3 is a frame configuration diagram for explaining a conventional subfield driving method.

4 is a waveform diagram showing a method of driving a conventional plasma display panel.

Fig. 5 is a waveform diagram showing a method of driving a plasma display panel according to another conventional technique.

6 is a waveform diagram illustrating a method of driving a plasma display panel according to an exemplary embodiment of the present invention.

FIG. 7 is a driving circuit diagram for showing the driving method shown in FIG.

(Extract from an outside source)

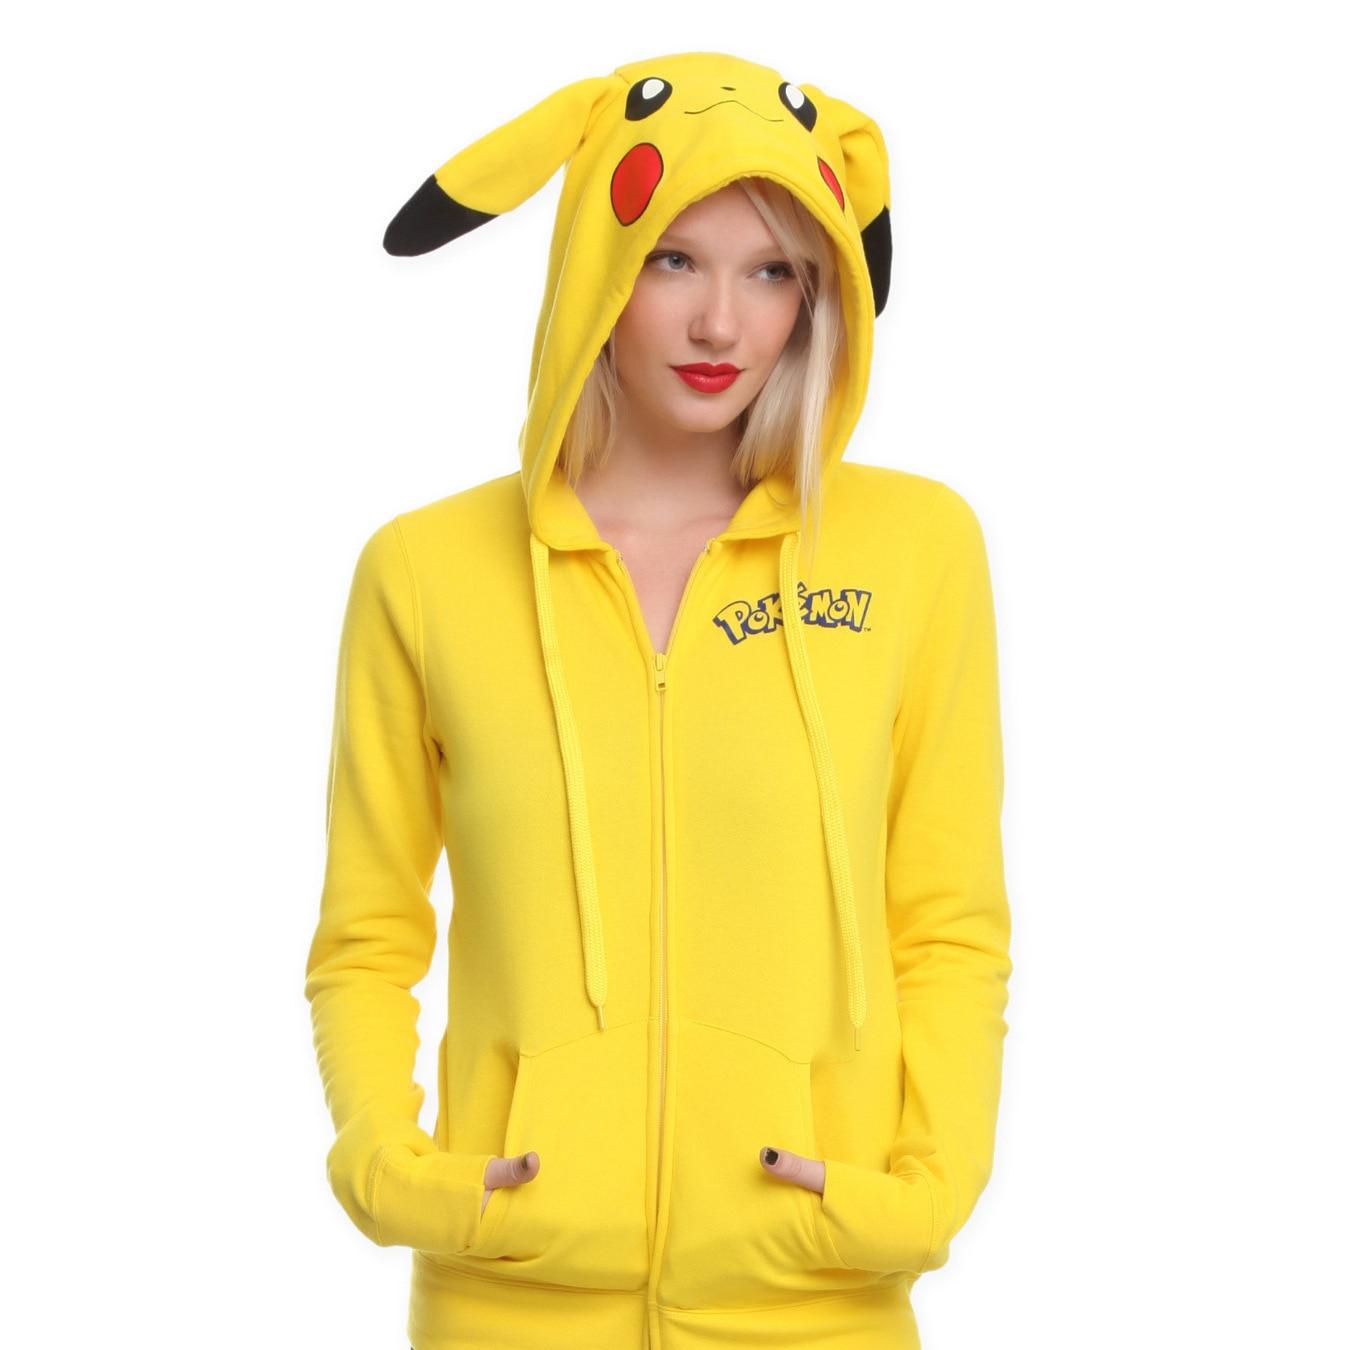 2016 Hoodies Pokemon Sudaderas Mujer New Pokemon Face Pikachu Totoro Printing Costume Tail Zip Hoodie Sweatshirt Free Shipping

FIG. 8 is a drive waveform diagram of a switch element for driving the drive circuit shown in FIG.

9 is another driving circuit diagram for illustrating the driving method shown in FIG. 6;

<Description of Symbols for Main Parts of Drawings>

1: discharge cell 10: upper substrate

12Y: scan / sustain electrode 12Z: common sustain electrode

14,22 dielectric layer 16: protective film

18: lower substrate 20X: address electrode

24: partition 26: phosphor layer

40: scan driver 42, 44: slope waveform generator

In order to achieve the above object, a scan driving method of a plasma display panel according to the present invention includes applying a first data pulse corresponding to a video signal of '1' to an address electrode, and applying the first data pulse to the address electrode. A second data pulse corresponding to a video signal of '1' different from the width of one data pulse is applied before and after the first data pulse, and the scan / sustain electrode formed in a direction crossing the address electrode. And supplying a scanning pulse having a slope waveform gradually falling in synchronization with the first data pulse and the second data pulse.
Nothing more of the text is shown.